**Your objective**
Leaving out all pictures, write out word for word the lines from the one containing "5 Must-Try eLearning" to the end of the data below.

**Given material**
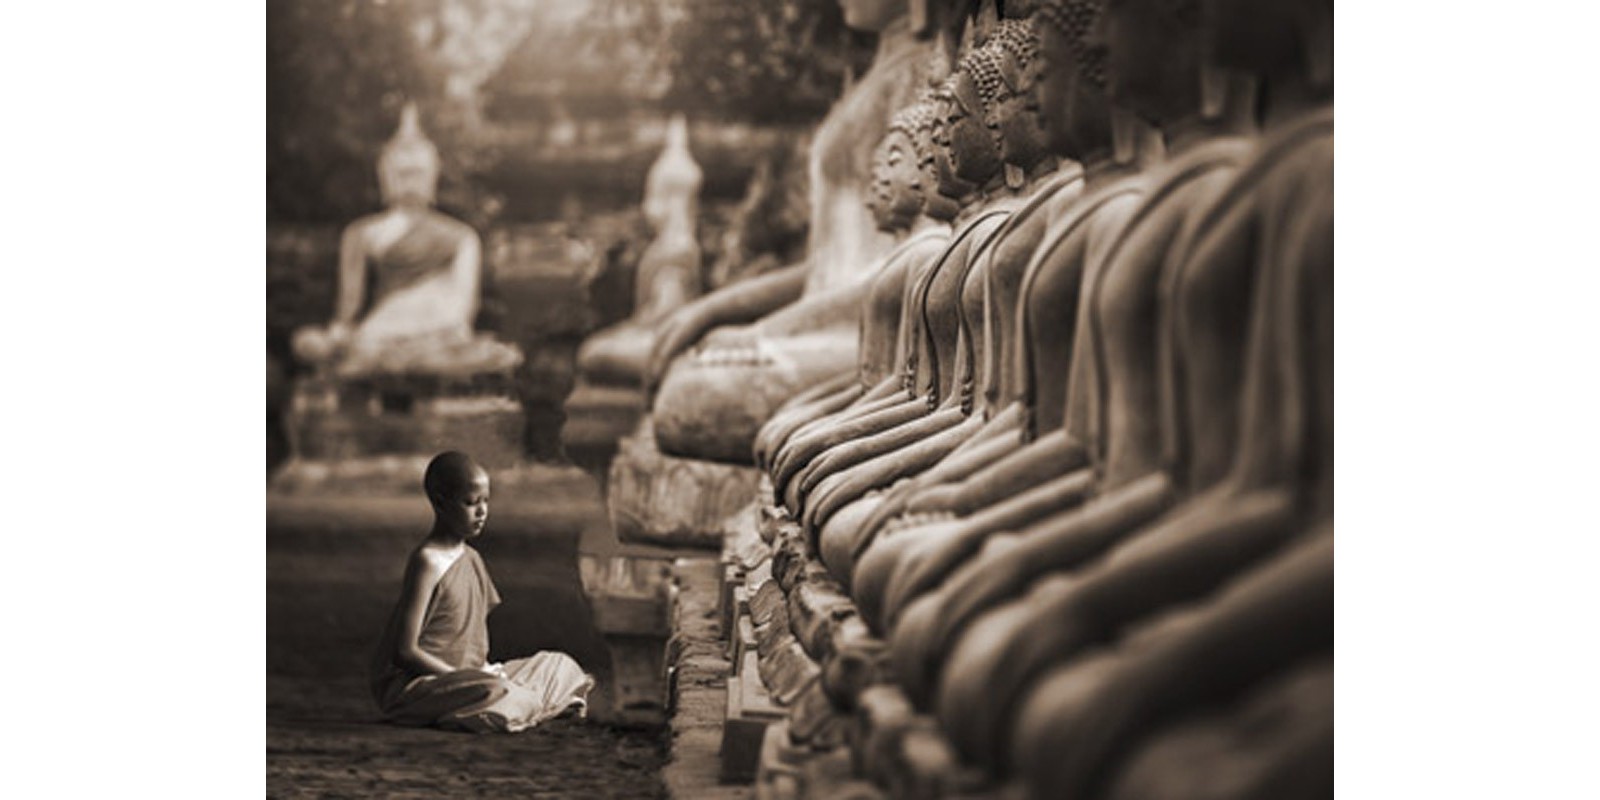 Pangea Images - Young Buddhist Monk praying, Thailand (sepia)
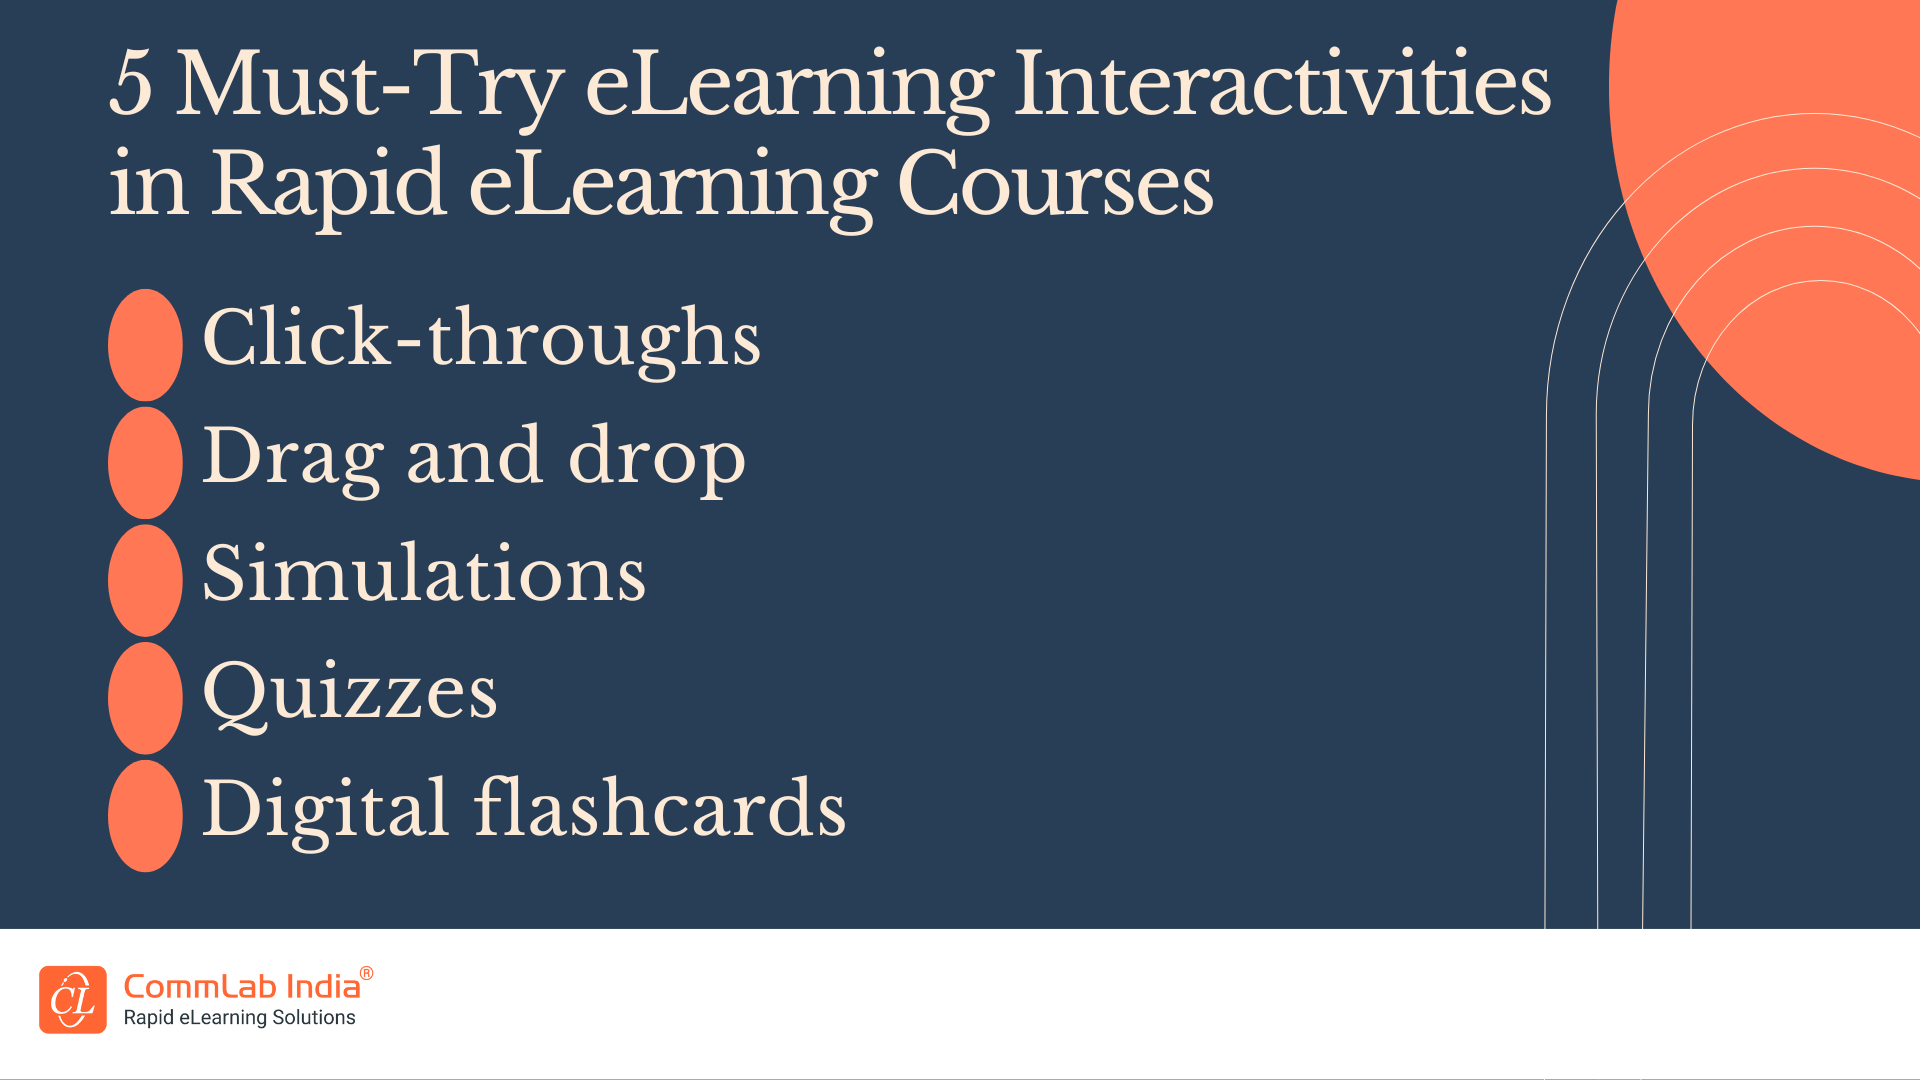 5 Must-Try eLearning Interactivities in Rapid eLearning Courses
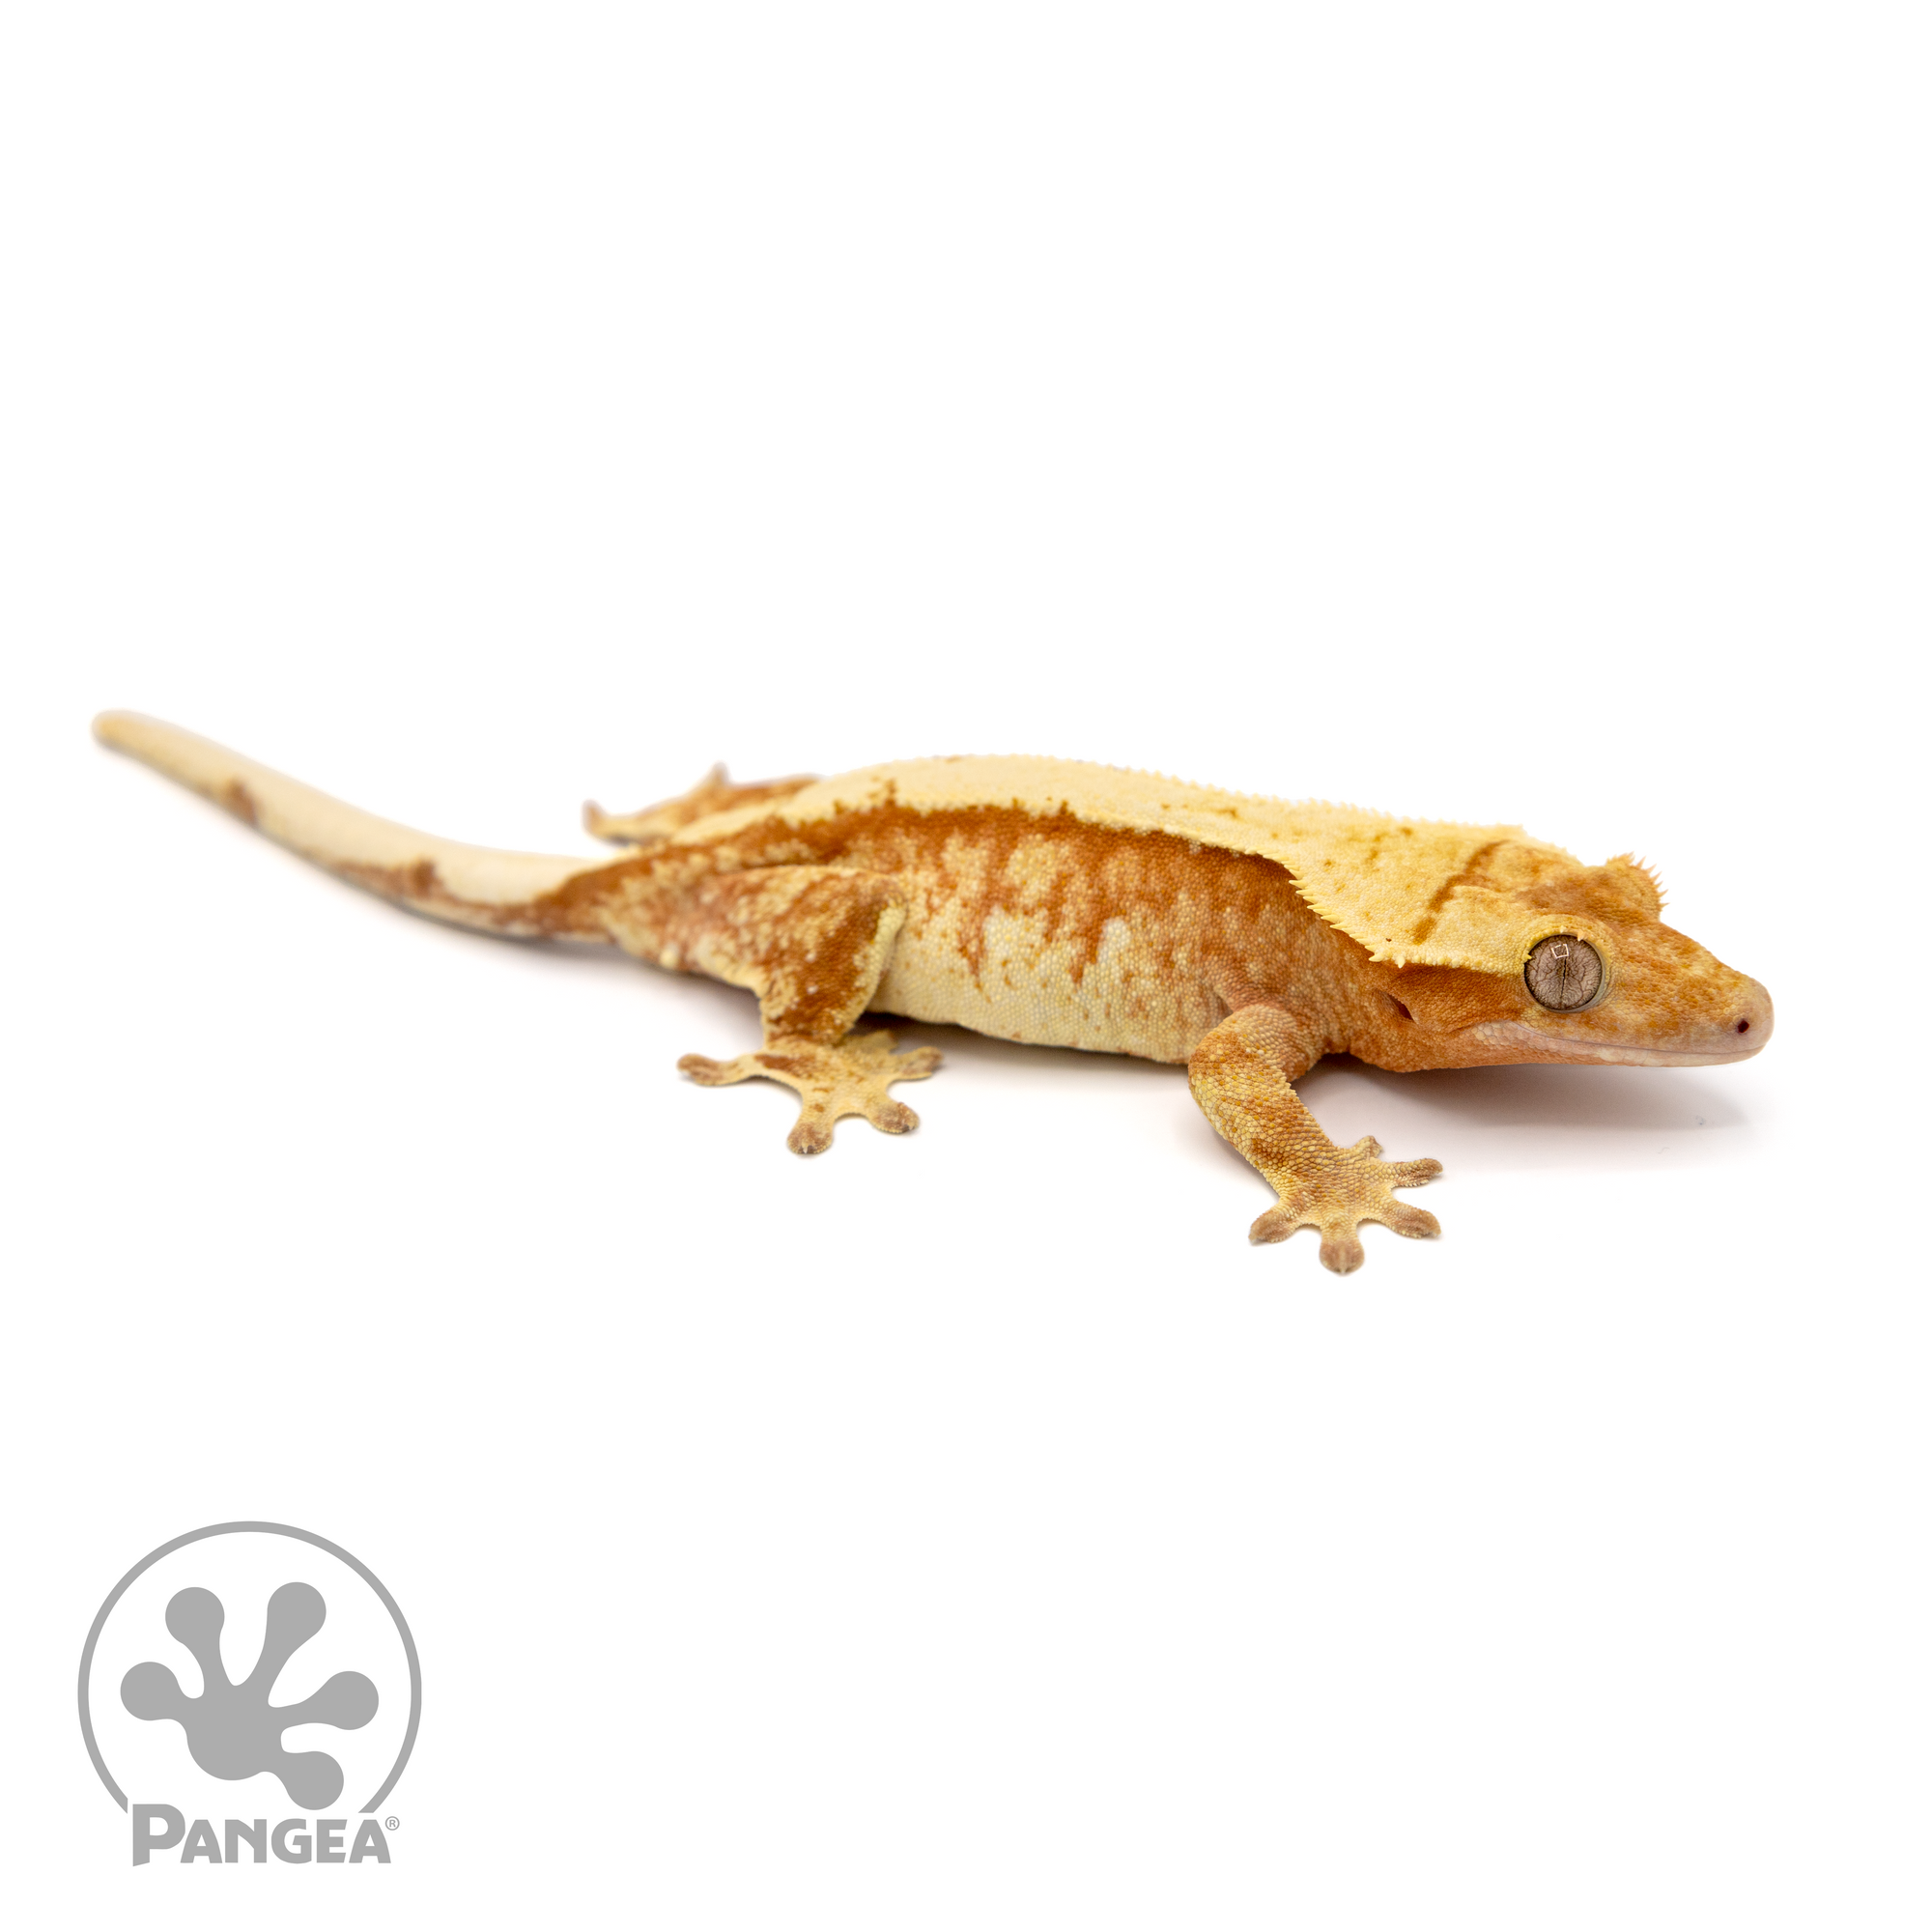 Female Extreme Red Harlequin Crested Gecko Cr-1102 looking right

**Result for this task**
 5 Must-Try eLearning Interactivities in Rapid eLearning Courses
 Female Extreme Red Harlequin Crested Gecko Cr-1102 looking right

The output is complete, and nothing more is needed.